En efecto, Alma Rosa Molina Barrón y María Teresa Linzón Salas, disponen de todos los privilegios a pesar del auto de formal prisión en su contra, lo cual señala que se trata de peces gordos, que además de ese lujo, pueden pagar a una docena de abogados encabezados por Antonio Lozano Gracia, circunstancias que de acuerdo al abogado Juan Antonio Ortega, deberán ser investigadas por la Procuraduría General de Justicia del Estado.

Como bien lo dice el representante jurídico de Gisella, ser agente de la PEI debe ser muy redituable e influyente como para que estando detrás de las rejas el director de los Ceresos les lleve el cheque que les expide la Secretaría de Hacienda y además que tengan los recursos financieros para pagar los honorarios de una representación jurídica cuyos servicios se tasan en millones de pesos.

Por lo pronto Don Juan Antonio hace bien en inconformarse por esos privilegios y por ello exigirá a la procuraduría que investigue cómo es que las torturadoras de su defendida pueden pagar tan cara defensa y que para colmo sigan recibiendo su paga a pesar de estar encarceladas, situación que contrasta con Gisela, a quien encarcelaron por más de cuatro años y no ha recibido ninguna compensación por ese abuso, ni siquiera la liquidación de ley por haber trabajados más de 10 años para la familia Padrés.

Flor Ayala

Afortunadamente no hemos tenido necesidad de andar presentando querellas ni denuncias y por eso no sabíamos de la urgente necesidad de que cualquier agencia del Ministerio Público las reciba sin importar el sector, colonia o municipio, tal como lo propuso este jueves en el Congreso del Estado la diputada Flor Ayala.

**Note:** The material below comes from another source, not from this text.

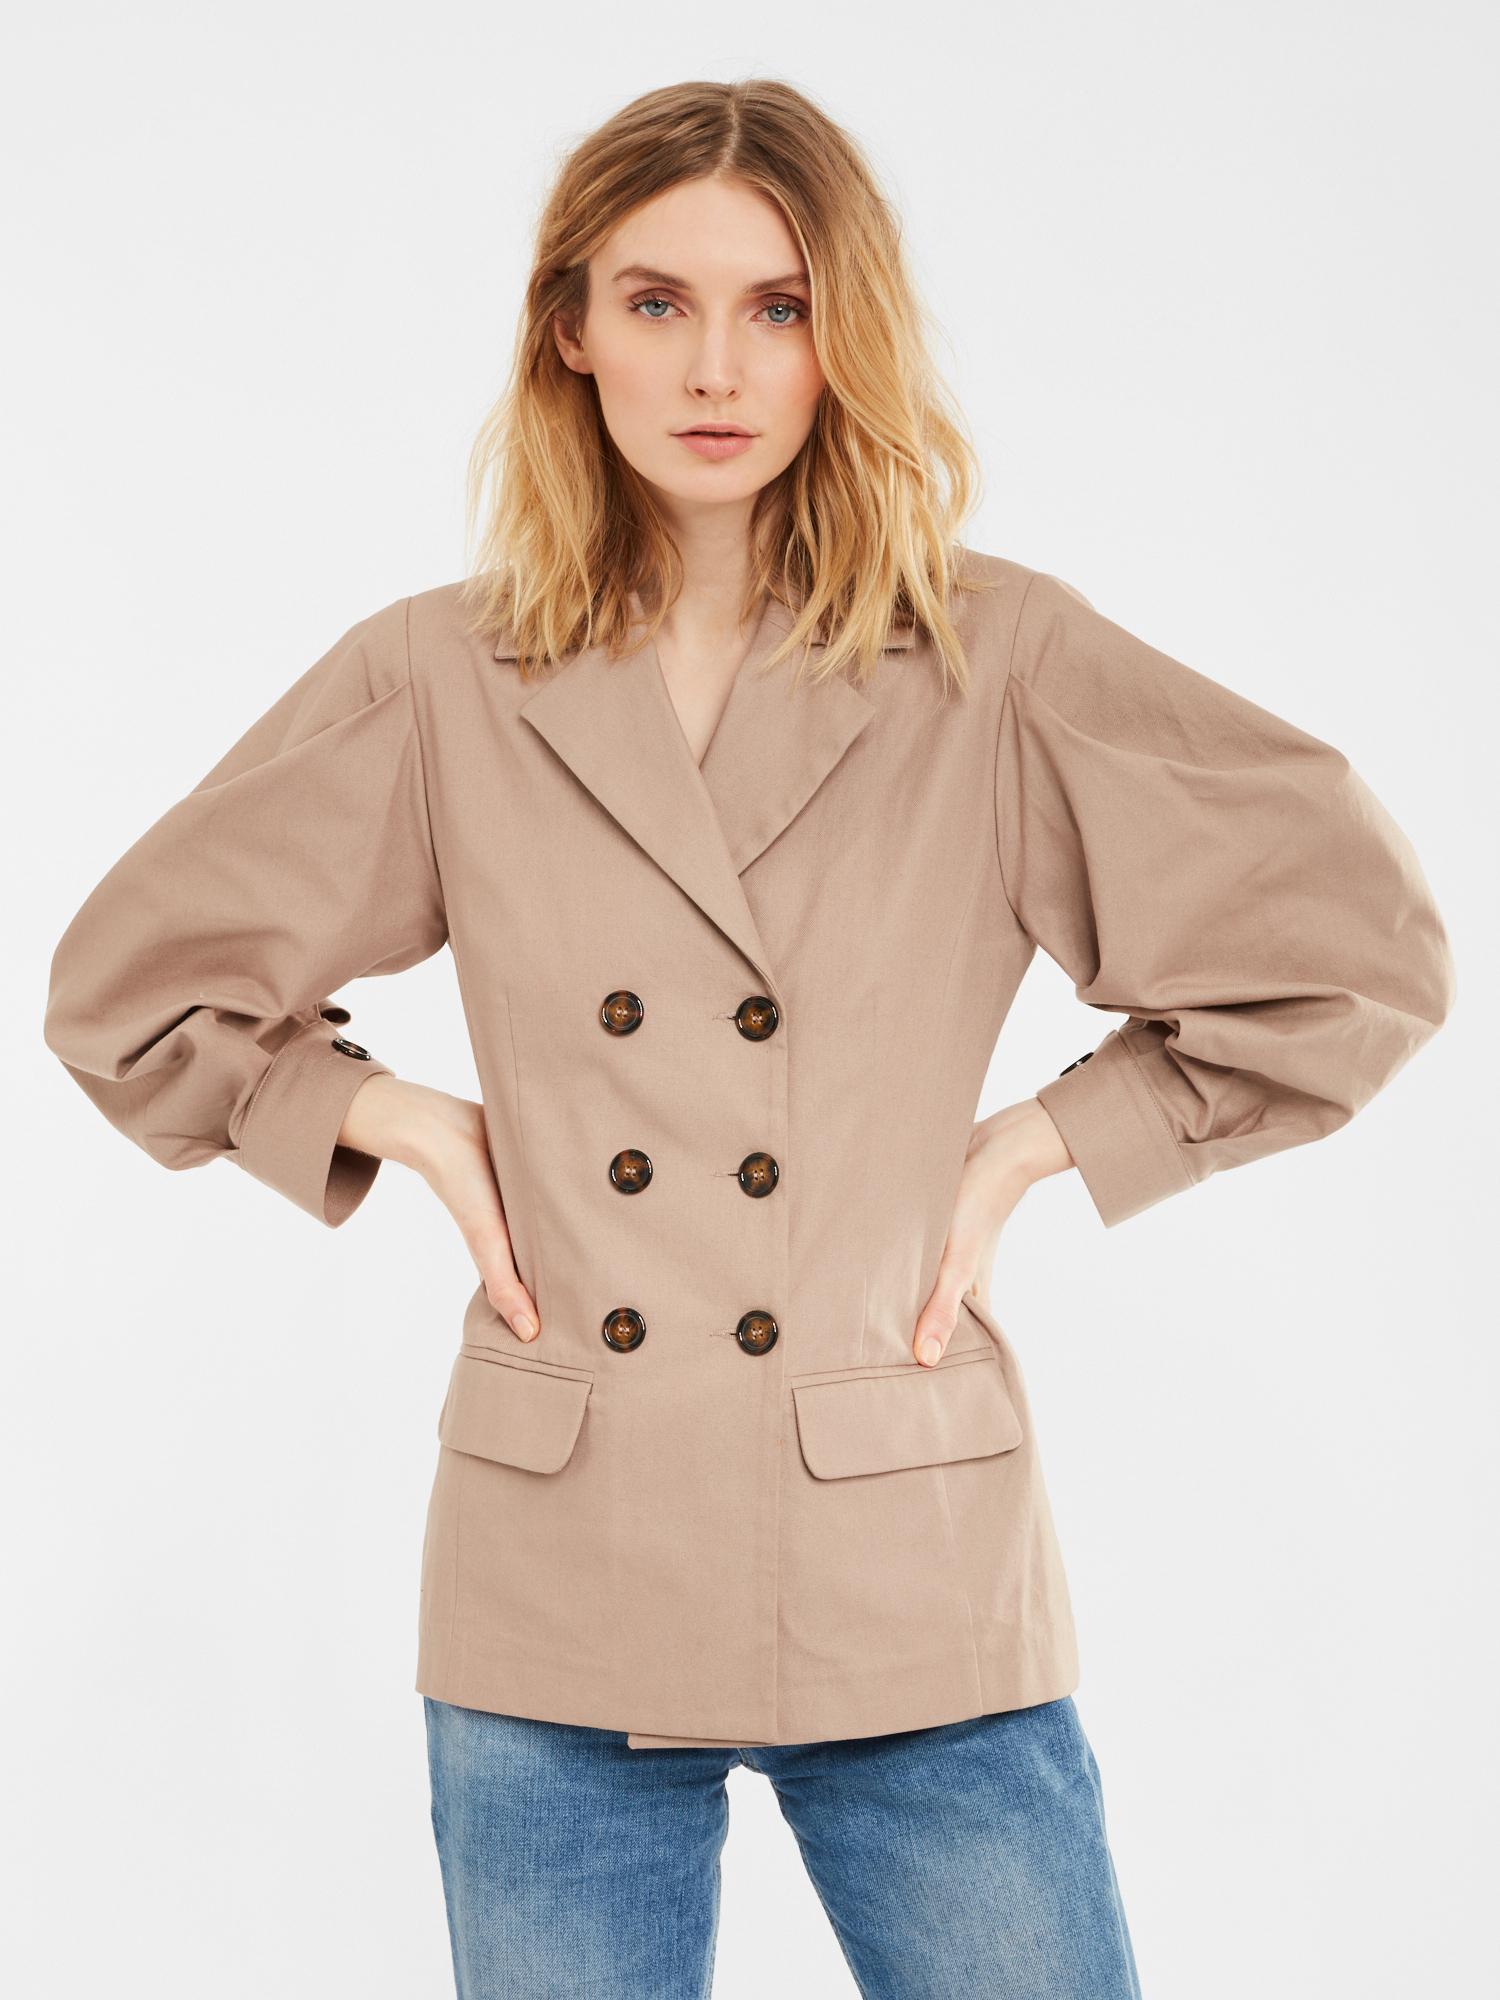 Neu im Shop: Blazer Jacket
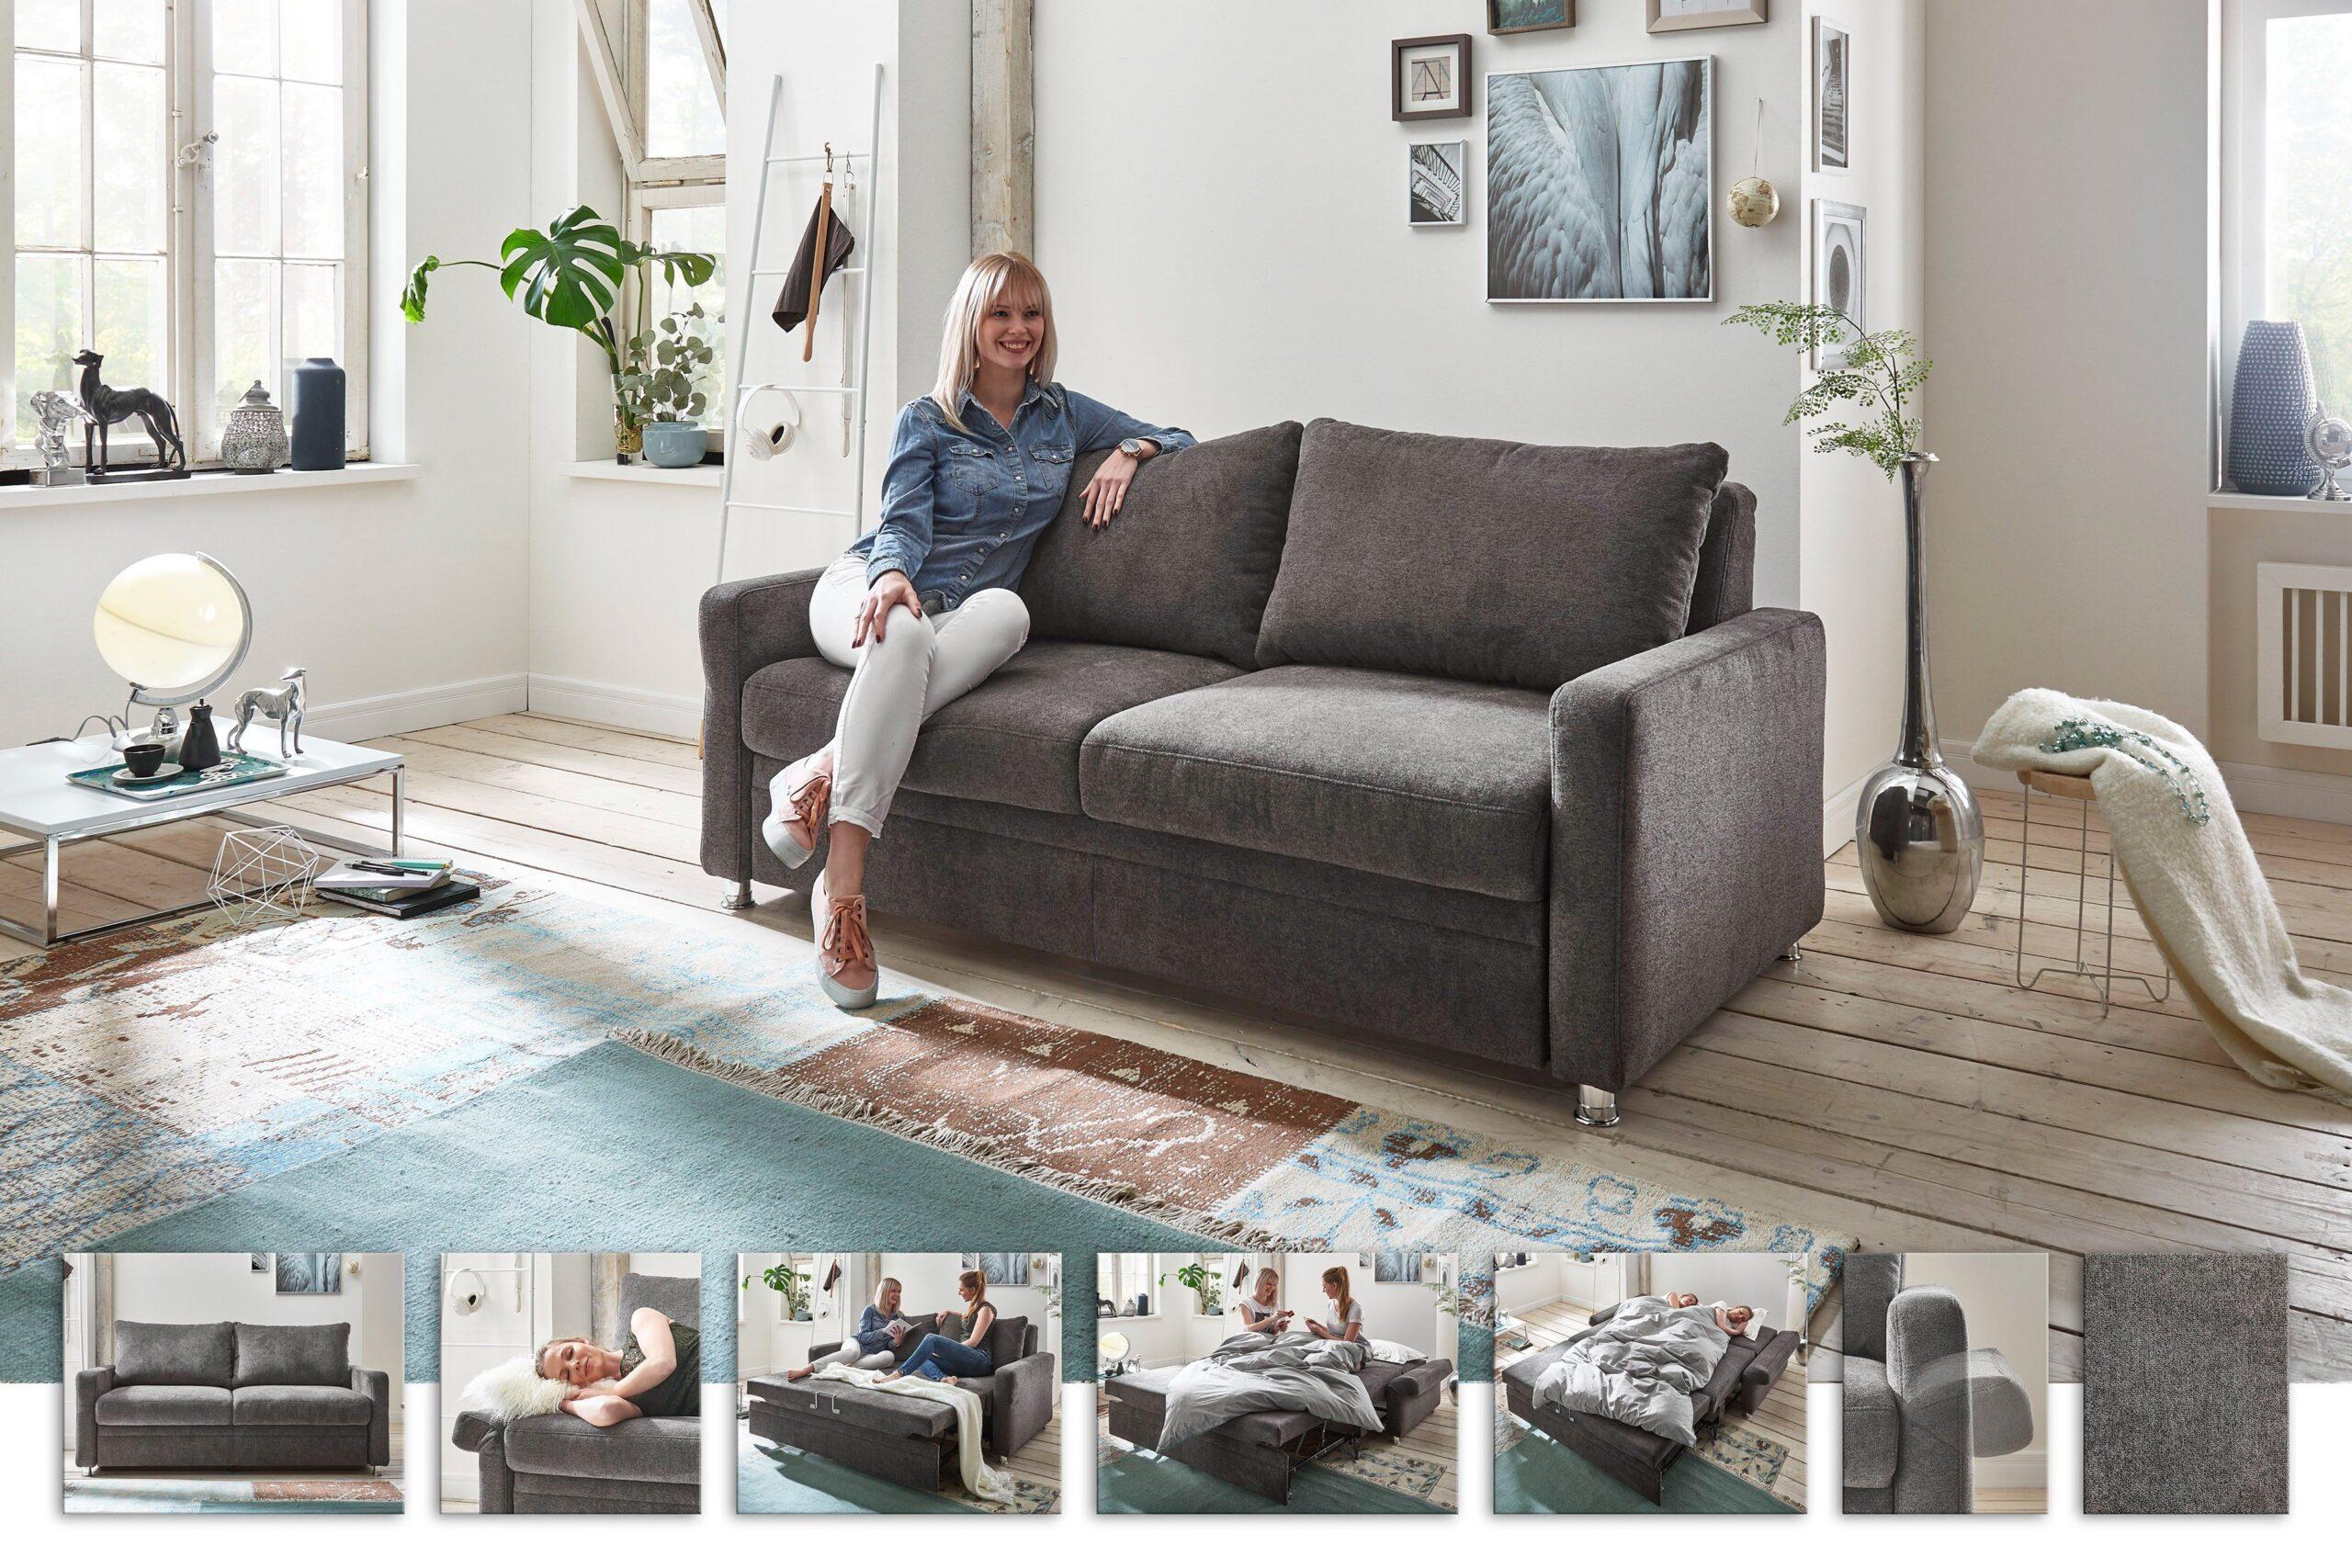 Full Size of Indomo Sofa Megapol Polstermbel Platzda Couch Schwarz Mbel Letz Ihr Impressionen Rattan Garten Big Leder 3 Teilig Mit Schlaffunktion Barock Wildleder Sofa Indomo Sofa

Es que en efecto, luce indispensable facilitar a los ciudadanos el acogerse a la protección de la justicia, eliminar obstáculos burocráticos y dificultades al denunciar ilícitos, tal como lo propone la legisladora en su propuesta que fue turnada a la Comisión de Gobernación y Puntos Constitucionales.

Y de plano, reflejo de cómo andan los bonos del PAN, vaya el ridículo que hicieron sus diputados federales al convocar a los ciudadanos a firmar una exigencia para eliminar el gasolinazo y a pesar de su estructura nacional y la disponibilidad de millonarios recursos financieros, sólo pudieron acabalar poco más de 120 mil firmas en todo el país.